New research presented at the Endocrine Society’s 2025 annual meeting suggests that early exposure to endocrine-disrupting chemicals may affect how the brain forms food preferences, especially cravings for sugary and high-fat foods.
Researchers at the University of Texas at Austin studied 30 rats exposed to a mixture of these chemicals either during gestation or infancy. Male rats developed a temporary preference for sugar, while female rats consistently favored fatty foods and gained weight.

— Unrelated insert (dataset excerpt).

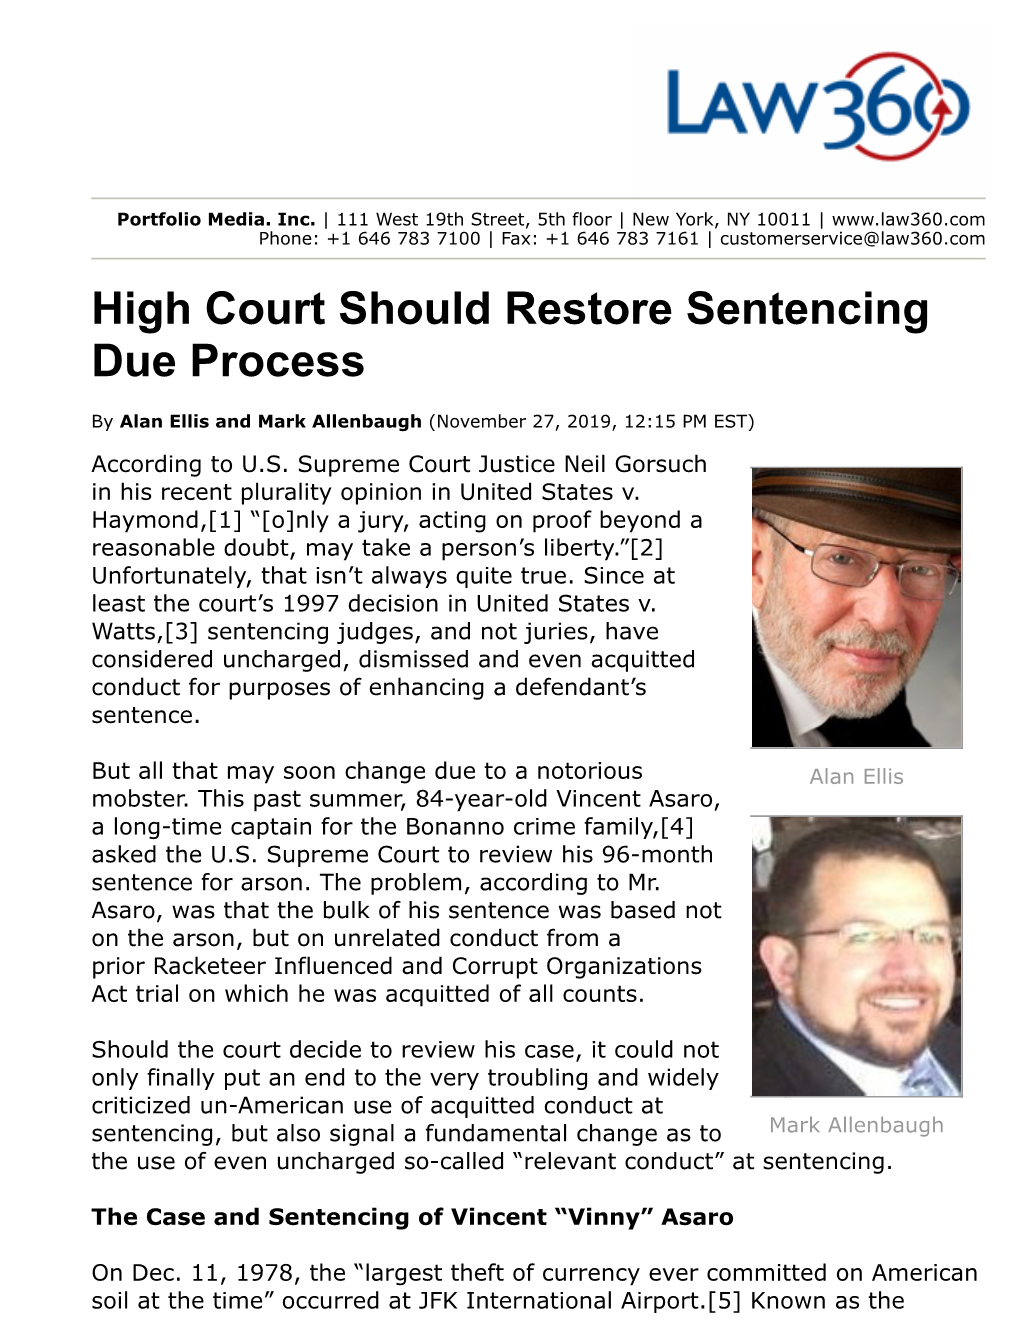 High Court Should Restore Sentencing Due Process

“Our research indicates that endocrine-disrupting chemicals can physically alter the brain’s pathways that control reward preference and eating behavior,” said Emily N. Hilz, Ph.D., a postdoctoral fellow at UT Austin. “These results may partially explain increasing rates of obesity around the world.”
The team sequenced brain regions involved in appetite and reward. They found widespread gene expression changes in males and more targeted changes in the reward regions of females, patterns that aligned with differences in eating behavior.
Endocrine-disrupting chemicals are found in many everyday products, including food packaging, personal care items and environmental sources. While this study was conducted on animals, Hilz said the results raise important questions about how early-life exposure may shape long-term health.
“It’s important that people understand that there are negative impacts associated with consuming or being near endocrine-disrupting chemicals early in life,” Hilz said. “With this knowledge in hand, consumers may want to consider reducing personal interaction with environments, food and other types of products containing these chemicals during pregnancy and early childhood to reduce the risk of developing obesity later in life.”
More research is needed in humans, but these early findings highlight the need for awareness around chemical exposures during critical developmental stages.
This research was supported by the National Institute of Environmental Health Sciences, part of the National Institutes of Health.